The official Judicial Council court forms for Unlawful Detainer Actions, (Summons and Complaint, and Answer) can be downloaded from California Courts Self-Help Center: Landlord/Tenant Page.
Housing providers must follow the legal process to evict tenants. Housing providers cannot use self-help eviction measures such as changing the locks on the door or cutting off utilities to force the tenant to move. Housing providers who use unlawful methods to evict tenants may be liable for tenant's damages, as well as penalties of up to $100 per day from the time the unlawful methods were used.
TRIAL
At the trial, a judge listens to evidence from both the tenant and the housing provider and enters a decision. If the judgment is for the tenant, the tenant may stay in the unit. If the judgment is for the housing provider a Writ of Possession is issued.
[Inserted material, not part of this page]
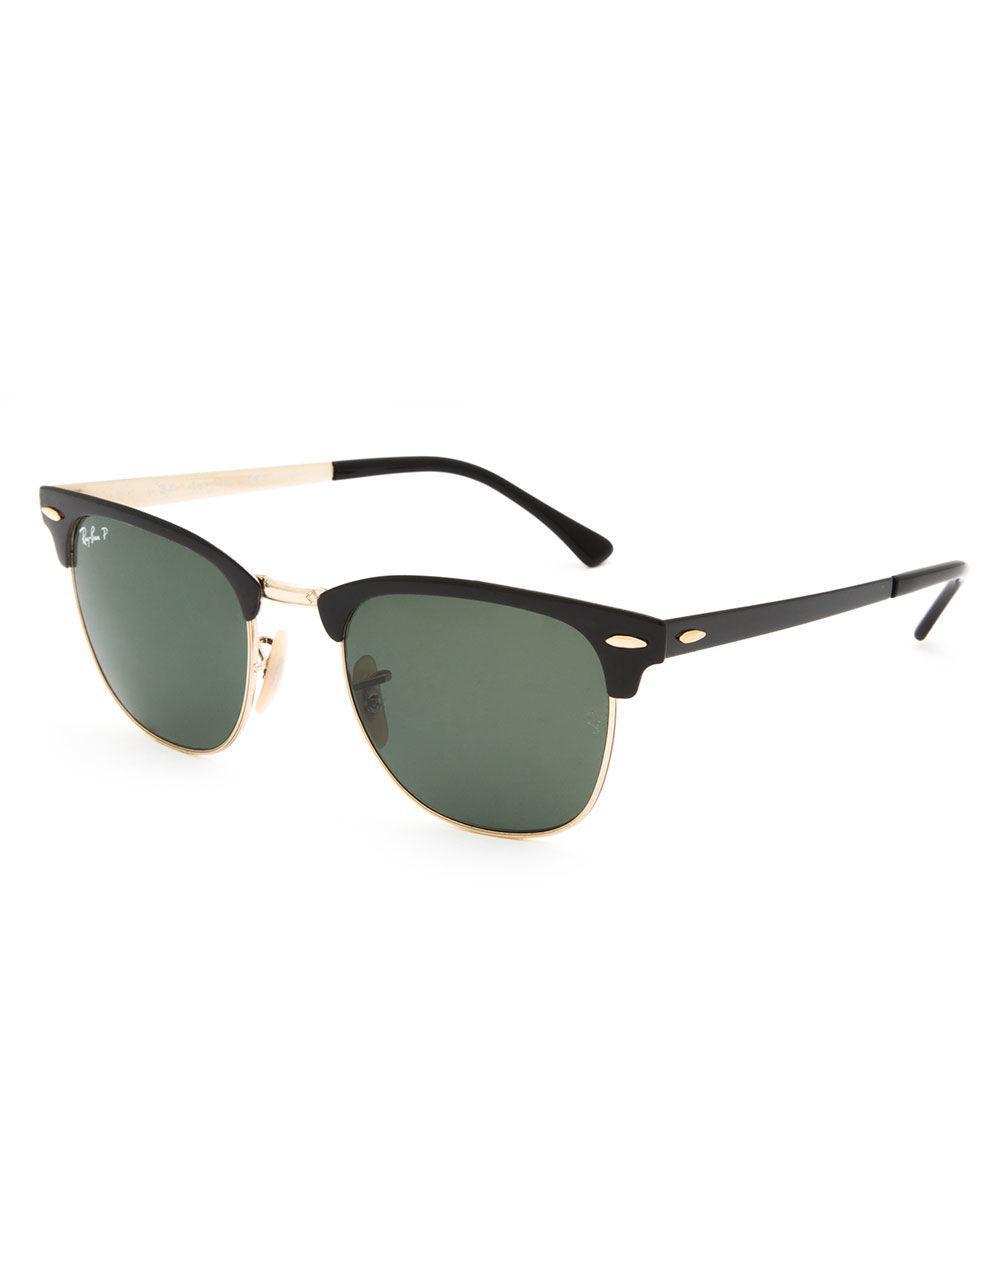 bd92f92b0c4 Ray-Ban. Men s Clubmaster Metal Black   Green Classic Polarized Sunglasses

Judgments for the tenant are generally ones in which the tenant can prove the eviction was retaliatory or discriminatory in nature or in which notices from the housing provider were improperly written or served, or demand too much money. The tenant may also win if they can prove there were serious habitability defects that the landlord knew about but didn’t fix. In that case the judge would order the landlord to make the necessary repairs and, as a condition of staying in the unit, the tenant may be ordered to pay a “fair rental value” (usually a reduced rent for the unit when it was in a substandard condition) within two or three days. If the tenant pays this amount on time, the tenant will win. However, if the tenant fails to pay this amount on time, the landlord automatically wins and the tenant will be evicted. Having that rent money available immediately in case a tenant wins is an important reason why a tenant who chooses to withhold rent should place the rent money in a trust account pending repairs of substandard conditions. If a tenant is not able to demonstrate one of these defenses, the judgment is generally in favor of the housing provider.
WRIT OF POSSESSION
A housing provider obtains the Writ of Possession through either a Default Judgment (tenant files no answer to the unlawful detainer) or a judgment in favor of the housing provider. After posting the Writ of Possession the tenant has at least five days to voluntarily leave the unit. If the tenant does not leave voluntarily, the Writ of Possession gives the housing provider the right to have the sheriff physically remove and lock out the tenant. The tenant has 18 days to reclaim any belongings left behind at the rental unit upon payment of “reasonable storage fees” to the housing provider. The housing provider may not take possession of the rental until after the sheriff has removed the tenant.
NOTE: Credit reporting agencies search court records for filings of Unlawful Detainer eviction lawsuits. These may be added to a tenant’s credit record. This could make applying for housing from another landlord difficult, particularly in Sonoma County’s tight housing market! If, however, the tenant wins the eviction lawsuit, or if the tenant and landlord reach a settlement agreement, it is unlawful for another potential landlord to refuse to rent to the tenant because of that Unlawful Detainer lawsuit (California Civil Code, Sections 1786.18; 1786.50).
The chapter of the California Department of Consumer Affairs' publication, California Tenants, provides a complete description of Unlawful Detainer lawsuits. "The Eviction Process (Unlawful Detainer Lawsuits)," can be downloaded from the California Department of Consumer Affairs' web site.